Synthesis, Scheduling, Place and Route: Analogies
Synthesis and scheduling share certain conceptual analogies, discussed in the following.
The scheduling terminology considers jobs to be processed by machines under certain constraints. In the case of fault-tolerant quantum circuits, machines are qubits and jobs are operations. Each operation to be scheduled is a single qubit initialisation, a CNOT or a single qubit measurement. Multiple constraints can be analysed, but the central ones are spatial and precedence. Spatial constraints refer to the amount of available qubits (wires). Precedence constraints are related to the partial ordering between operations (time).

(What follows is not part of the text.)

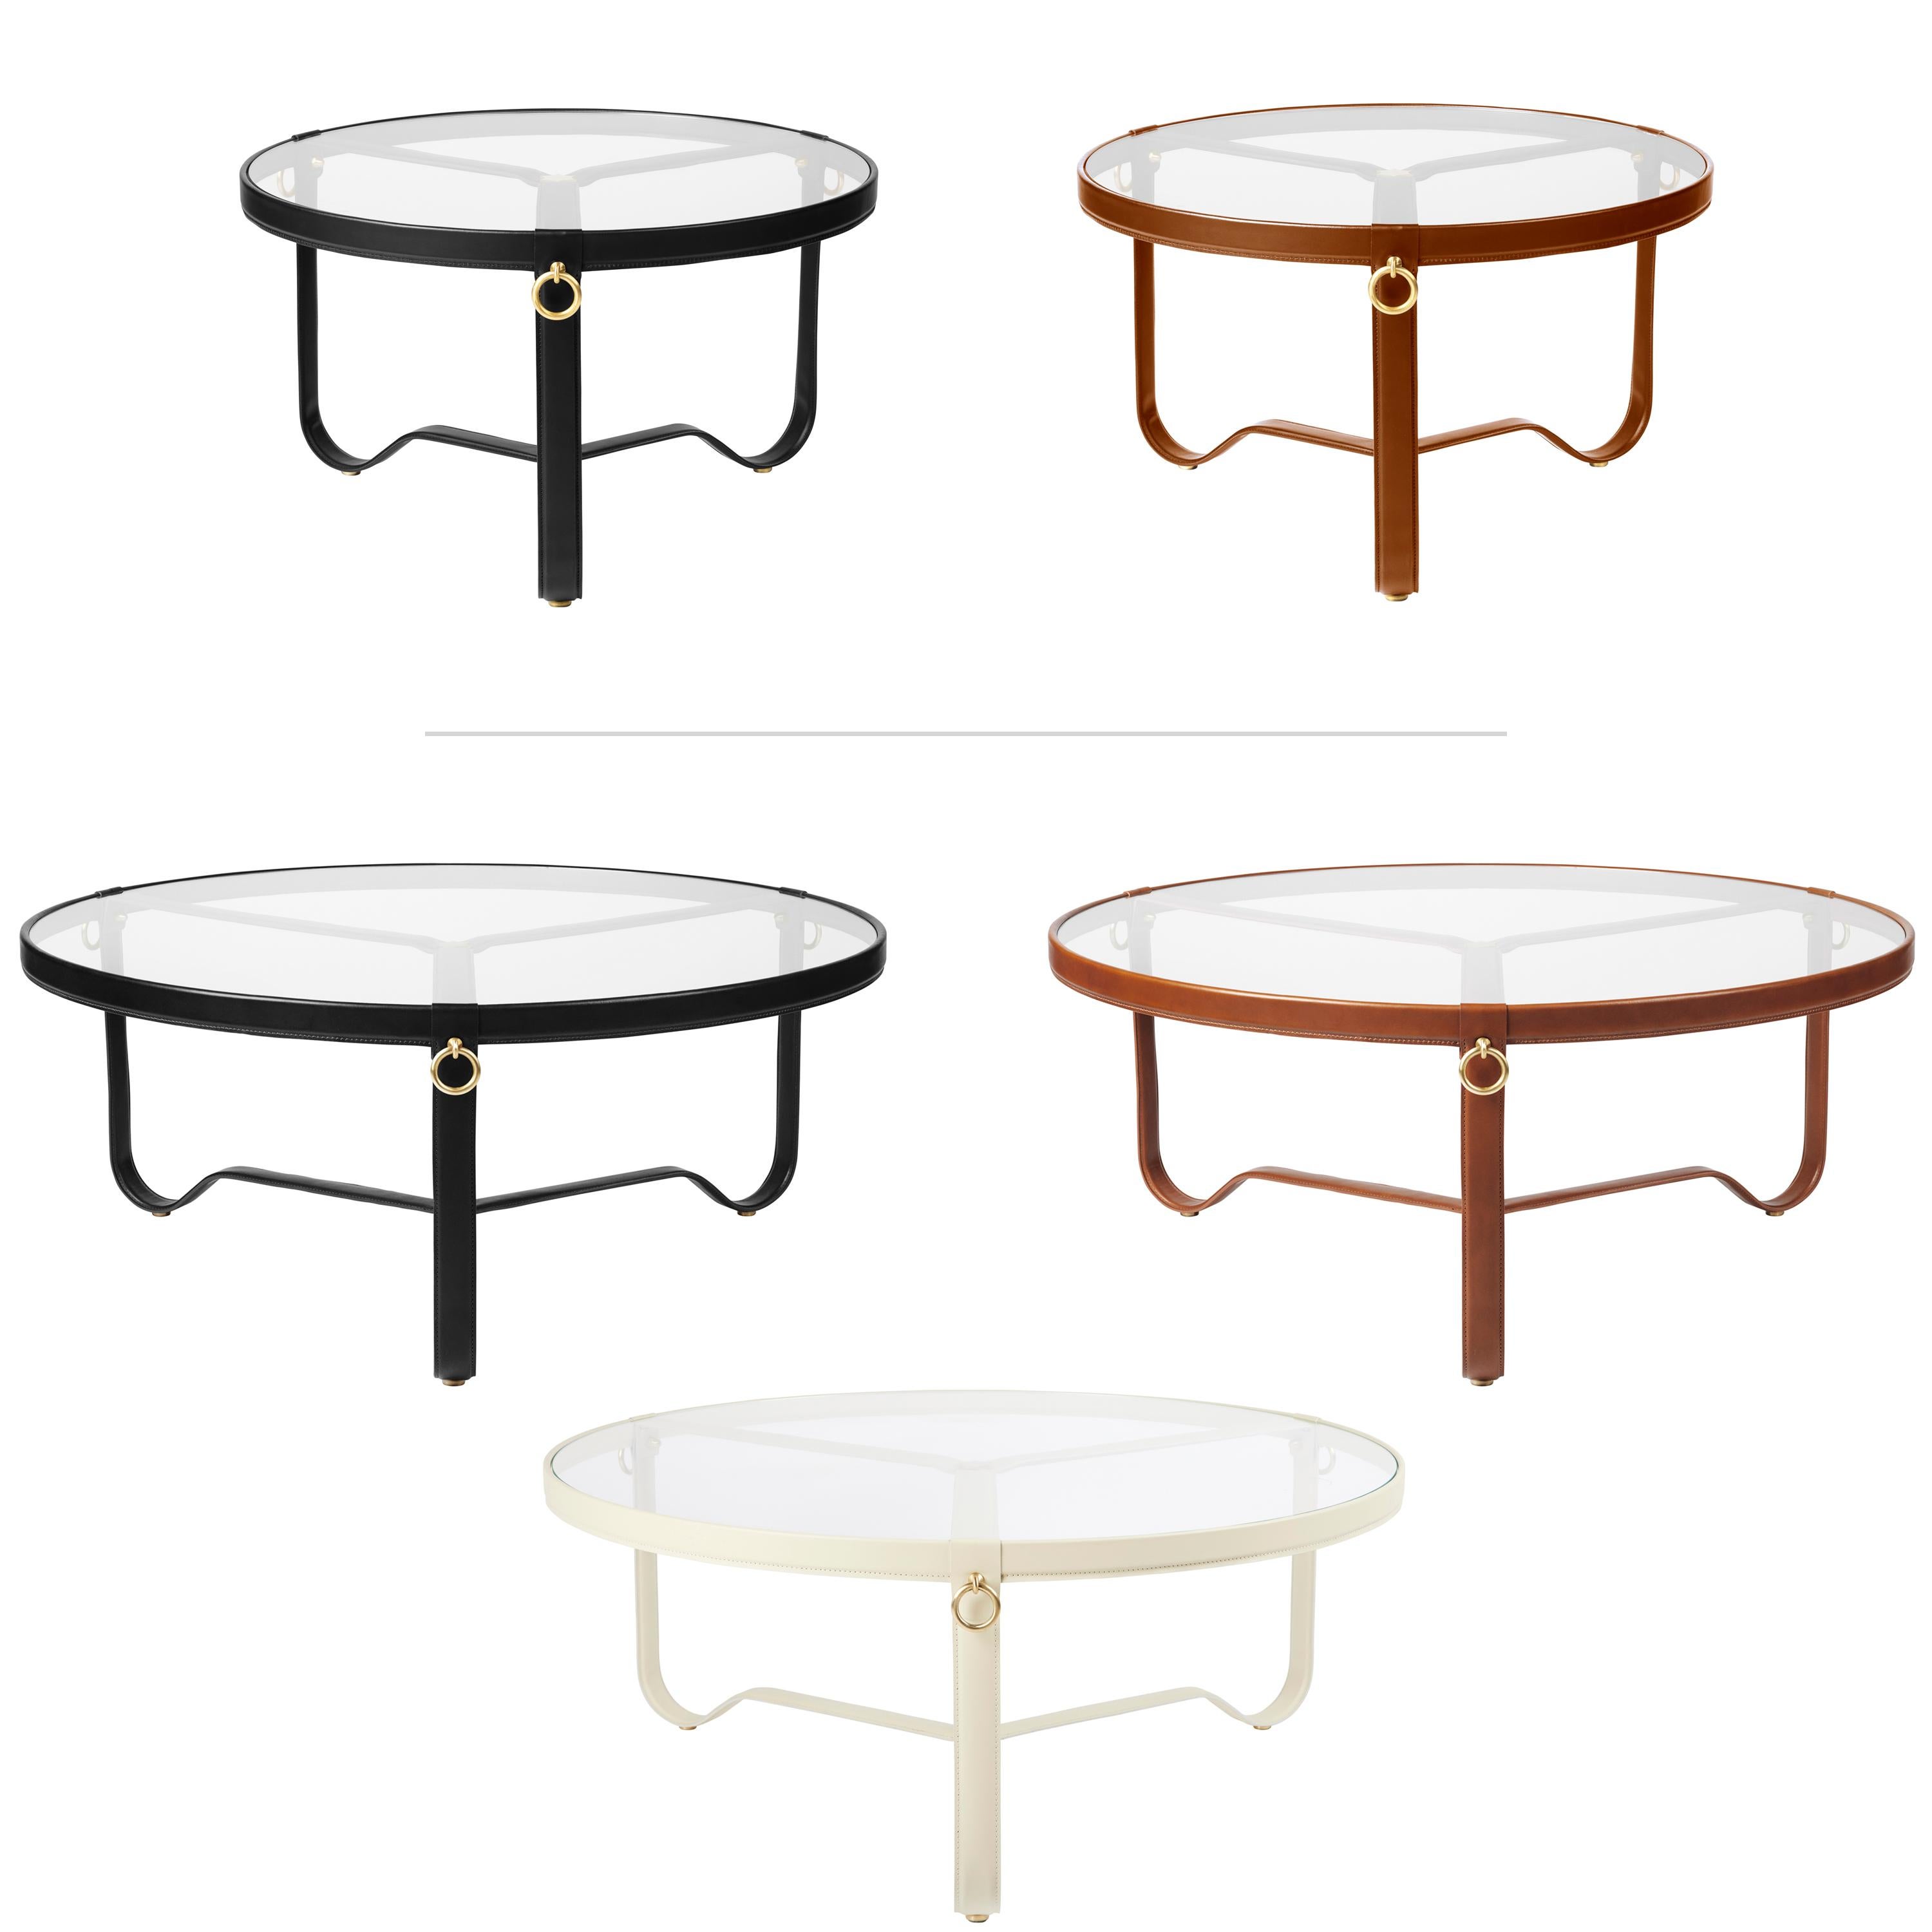 Danish Jacques Adnet 'Circulaire' Glass and Brown Leather Coffee or Side Table for GUBI For Sale

The most common objective function that is optimised during classical process scheduling is the makespan. This is the length of the schedule, or equivalently the time when the last job is completed [17] . Fault-tolerant quantum circuits have an intrinsic space cost (overhead) and the makespan is not sufficient for an objective function. Quantum circuit cost models were proposed for example in [16] . In general the models are technology dependent and related to a space time cost, but can be classified into: focusing more on space overheads (e.g. number of one qubit and CNOT gates, number of garbage qubits), and focusing more on time overheads (e.g. circuit depth).
As a conclusion, scheduling fault-tolerant quantum circuits is a variant of classical circuit place and route algorithms, as exemplified by Fig. 2 . Therefore, the bounding box associated to a quantum circuit is the natural objective to minimise. Further details about space and time optimisation of quantum circuits can be found in e.g. [10, 18] .
Qubit State Movement
Some conceptual differences seem to exist between a synthesis result (circuit diagram) and a scheduling result (box diagram), as seen for example in Fig. 1 and Fig. 2 . However, the conceptual differences between synthesis and scheduling disappear if the latter is understood as place and route. Circuit synthesis is expected to take operations, associated beforehand to a set of qubits (wires), and to just place them on the qubits in a given order. This means, in terms of a scheduling algorithm, that jobs would have a strict machine preferences. This seems very limiting. In contrast, the target of scheduling is to assign operations to qubits, assuming that any qubit could be used as long as it is not used by another operation. The impression is that scheduling is not limiting, assumes that almost all jobs have no machine preference, and does not generate generate correct computations.
In the context of quantum circuits there is a major distinction to be made between a qubit's wire and a qubit's state: operations are affecting the state and not the wire. Wires are only diagrammatic abstractions of a relative operation ordering, and it is possible to move a state from one wire to another (e.g. state swapping or state teleportation [11] ). More specifically, in a circuit diagram state movements could be implemented using SWAP subcircuits, but in a box diagram, state movements are indicated by just bending the connections (wires) between the operation boxes as seen for example in Fig. 3 .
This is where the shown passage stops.